• PROBLEM DESCRIPTION: Will you write out the data exactly, excluding every picture?

• DATASET EXCERPT:
-=-=-

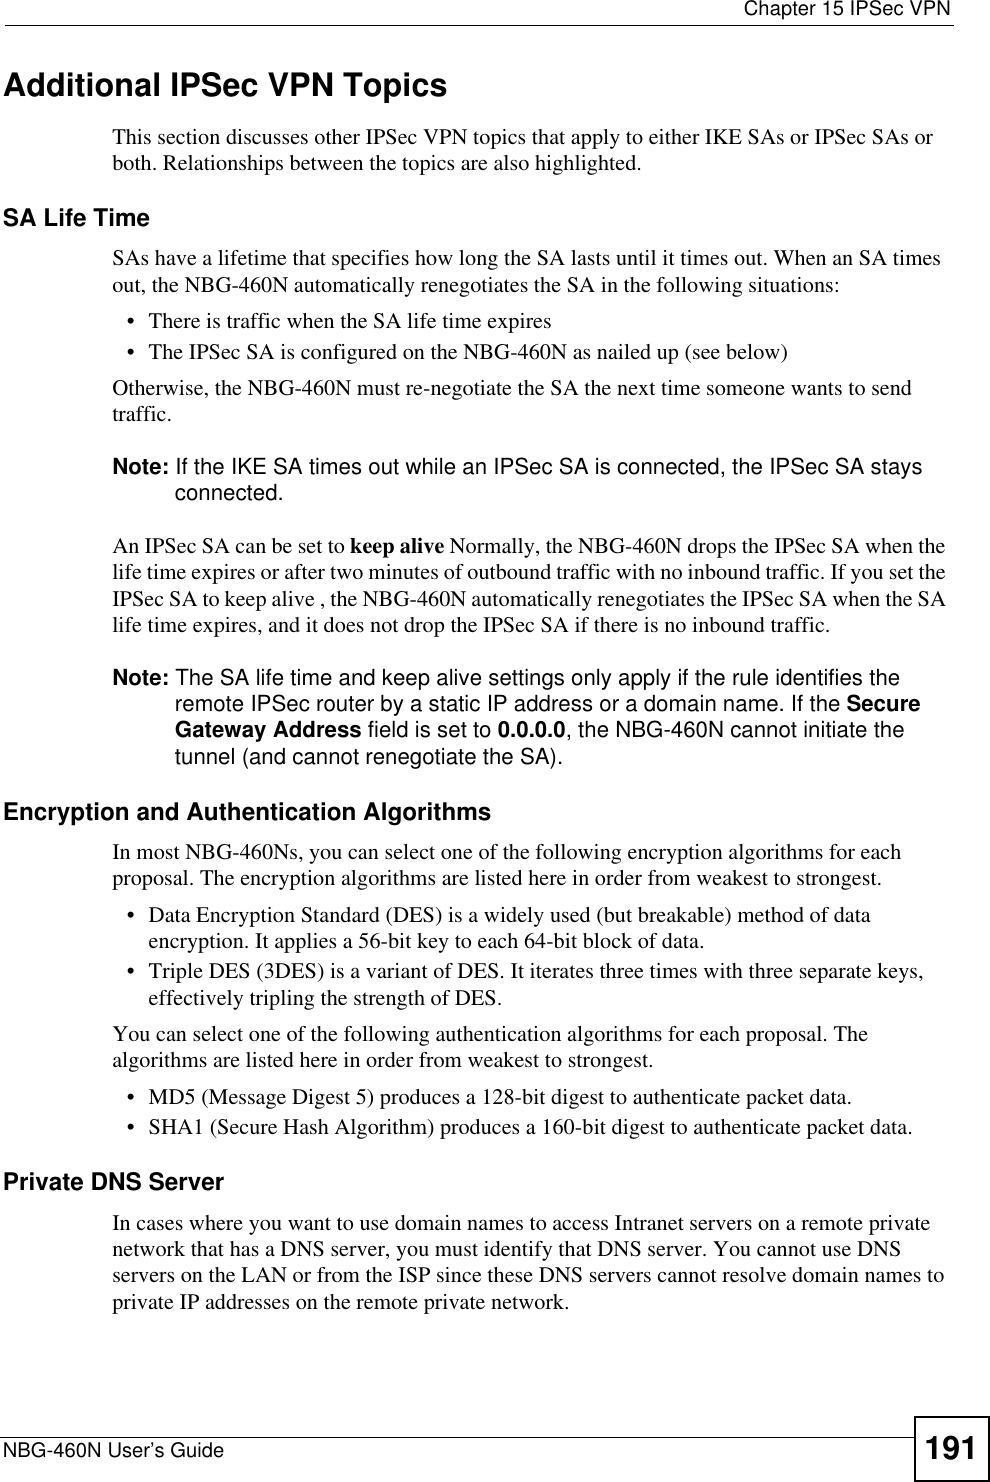  Chapter 15 IPSec VPNNBG-460N User’s Guide 191Additional IPSec VPN TopicsThis section discusses other IPSec VPN topics that apply to either IKE SAs or IPSec SAs or both. Relationships between the topics are also highlighted.SA Life TimeSAs have a lifetime that specifies how long the SA lasts until it times out. When an SA times out, the NBG-460N automatically renegotiates the SA in the following situations:• There is traffic when the SA life time expires• The IPSec SA is configured on the NBG-460N as nailed up (see below)Otherwise, the NBG-460N must re-negotiate the SA the next time someone wants to send traffic.Note: If the IKE SA times out while an IPSec SA is connected, the IPSec SA stays connected.An IPSec SA can be set to keep alive Normally, the NBG-460N drops the IPSec SA when the life time expires or after two minutes of outbound traffic with no inbound traffic. If you set the IPSec SA to keep alive , the NBG-460N automatically renegotiates the IPSec SA when the SA life time expires, and it does not drop the IPSec SA if there is no inbound traffic.Note: The SA life time and keep alive settings only apply if the rule identifies the remote IPSec router by a static IP address or a domain name. If the Secure Gateway Address field is set to 0.0.0.0, the NBG-460N cannot initiate the tunnel (and cannot renegotiate the SA).Encryption and Authentication AlgorithmsIn most NBG-460Ns, you can select one of the following encryption algorithms for each proposal. The encryption algorithms are listed here in order from weakest to strongest.• Data Encryption Standard (DES) is a widely used (but breakable) method of data encryption. It applies a 56-bit key to each 64-bit block of data.• Triple DES (3DES) is a variant of DES. It iterates three times with three separate keys, effectively tripling the strength of DES.You can select one of the following authentication algorithms for each proposal. The algorithms are listed here in order from weakest to strongest.• MD5 (Message Digest 5) produces a 128-bit digest to authenticate packet data.• SHA1 (Secure Hash Algorithm) produces a 160-bit digest to authenticate packet data.Private DNS ServerIn cases where you want to use domain names to access Intranet servers on a remote private network that has a DNS server, you must identify that DNS server. You cannot use DNS servers on the LAN or from the ISP since these DNS servers cannot resolve domain names to private IP addresses on the remote private network.
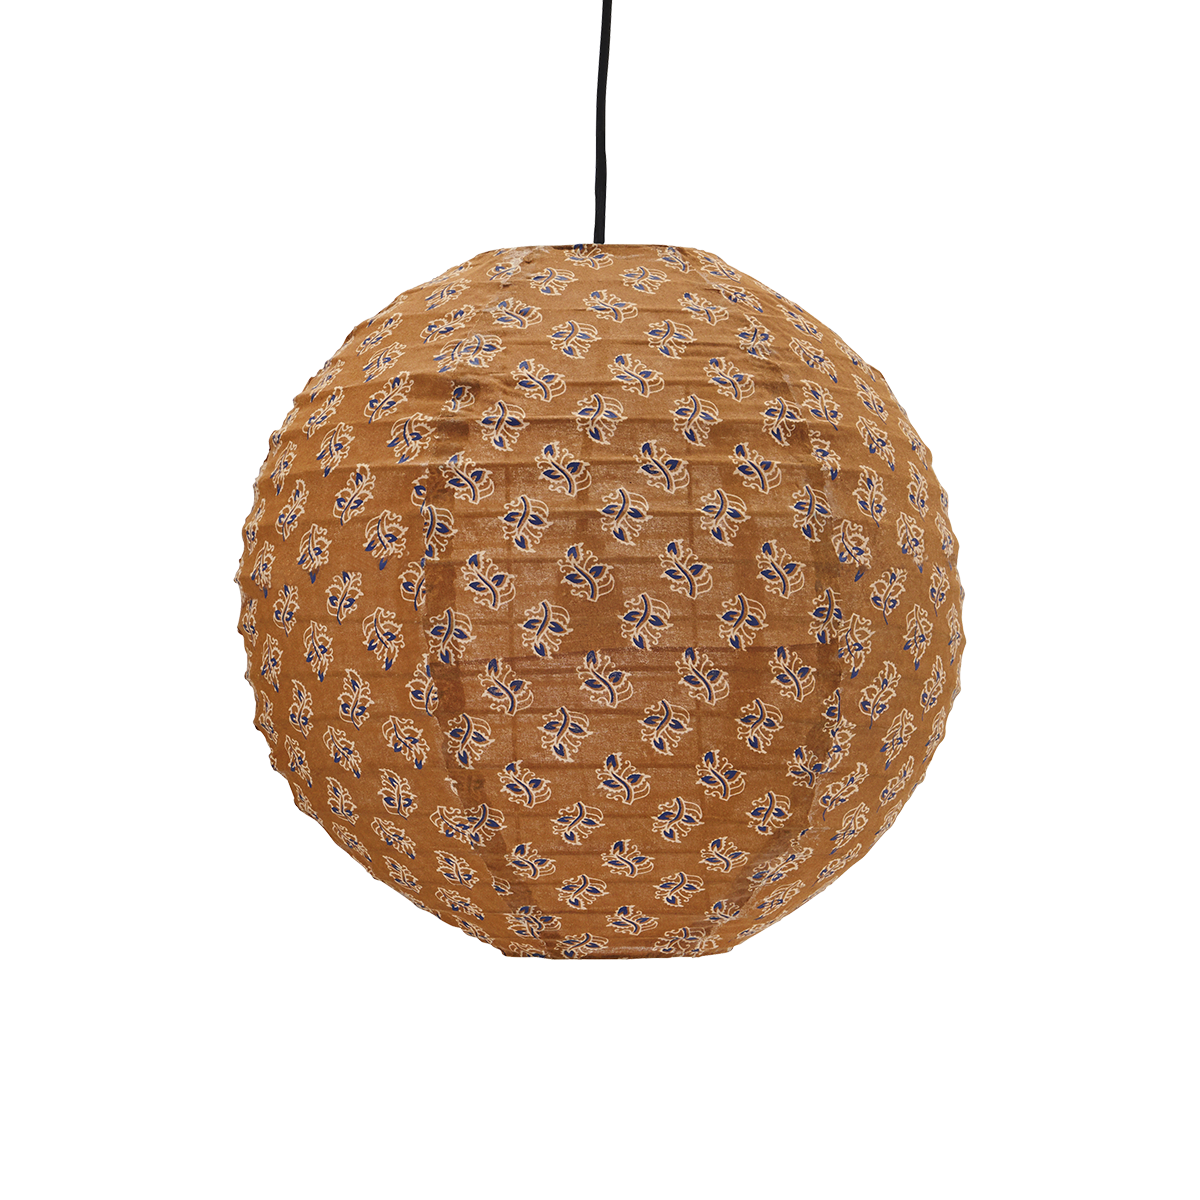 Printed cotton ceiling lamp
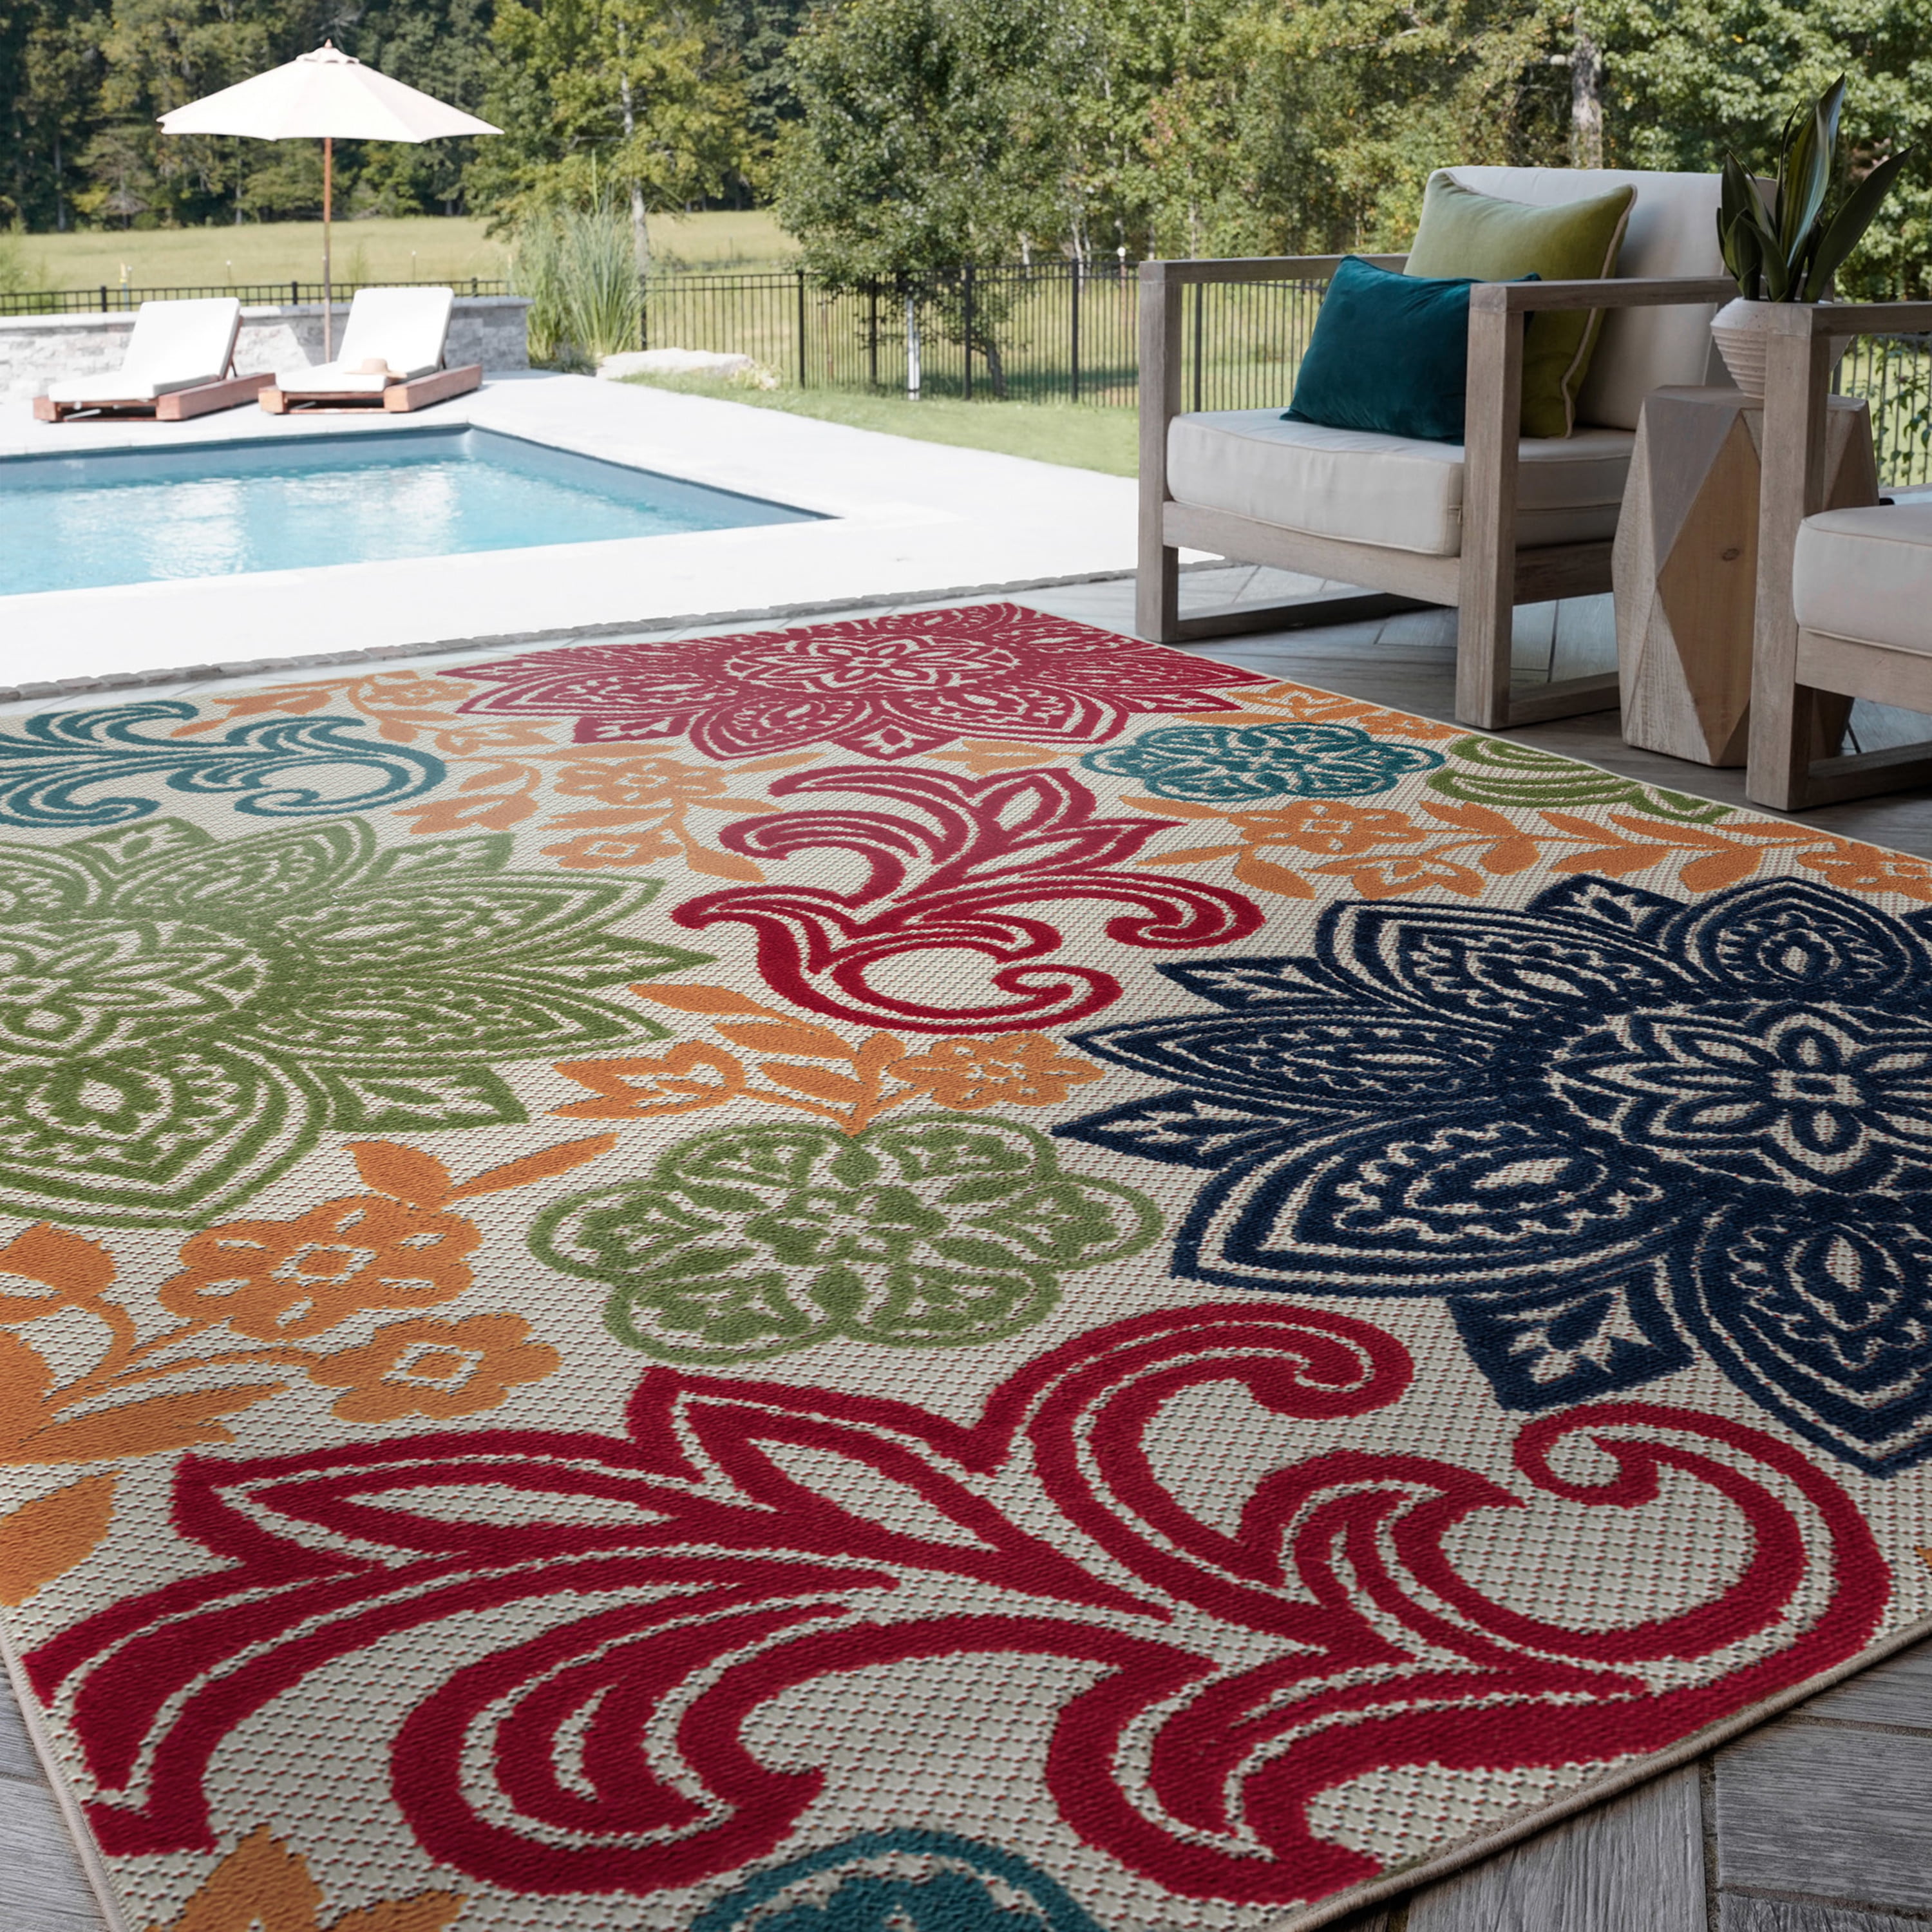 9x12 Water Resistant, Large Indoor Outdoor Rugs for Patios, Front Door Entry,  Entryway, Deck, Porch, Balcony, Outside Area Rug for Patio, Multi-Color,  Floral

-=-=-

• FINAL ANSWER:
  Chapter 15 IPSec VPNNBG-460N User’s Guide 191Additional IPSec VPN TopicsThis section discusses other IPSec VPN topics that apply to either IKE SAs or IPSec SAs or both. Relationships between the topics are also highlighted.SA Life TimeSAs have a lifetime that specifies how long the SA lasts until it times out. When an SA times out, the NBG-460N automatically renegotiates the SA in the following situations:• There is traffic when the SA life time expires• The IPSec SA is configured on the NBG-460N as nailed up (see below)Otherwise, the NBG-460N must re-negotiate the SA the next time someone wants to send traffic.Note: If the IKE SA times out while an IPSec SA is connected, the IPSec SA stays connected.An IPSec SA can be set to keep alive Normally, the NBG-460N drops the IPSec SA when the life time expires or after two minutes of outbound traffic with no inbound traffic. If you set the IPSec SA to keep alive , the NBG-460N automatically renegotiates the IPSec SA when the SA life time expires, and it does not drop the IPSec SA if there is no inbound traffic.Note: The SA life time and keep alive settings only apply if the rule identifies the remote IPSec router by a static IP address or a domain name. If the Secure Gateway Address field is set to 0.0.0.0, the NBG-460N cannot initiate the tunnel (and cannot renegotiate the SA).Encryption and Authentication AlgorithmsIn most NBG-460Ns, you can select one of the following encryption algorithms for each proposal. The encryption algorithms are listed here in order from weakest to strongest.• Data Encryption Standard (DES) is a widely used (but breakable) method of data encryption. It applies a 56-bit key to each 64-bit block of data.• Triple DES (3DES) is a variant of DES. It iterates three times with three separate keys, effectively tripling the strength of DES.You can select one of the following authentication algorithms for each proposal. The algorithms are listed here in order from weakest to strongest.• MD5 (Message Digest 5) produces a 128-bit digest to authenticate packet data.• SHA1 (Secure Hash Algorithm) produces a 160-bit digest to authenticate packet data.Private DNS ServerIn cases where you want to use domain names to access Intranet servers on a remote private network that has a DNS server, you must identify that DNS server. You cannot use DNS servers on the LAN or from the ISP since these DNS servers cannot resolve domain names to private IP addresses on the remote private network.
 Printed cotton ceiling lamp
 9x12 Water Resistant, Large Indoor Outdoor Rugs for Patios, Front Door Entry,  Entryway, Deck, Porch, Balcony, Outside Area Rug for Patio, Multi-Color,  Floral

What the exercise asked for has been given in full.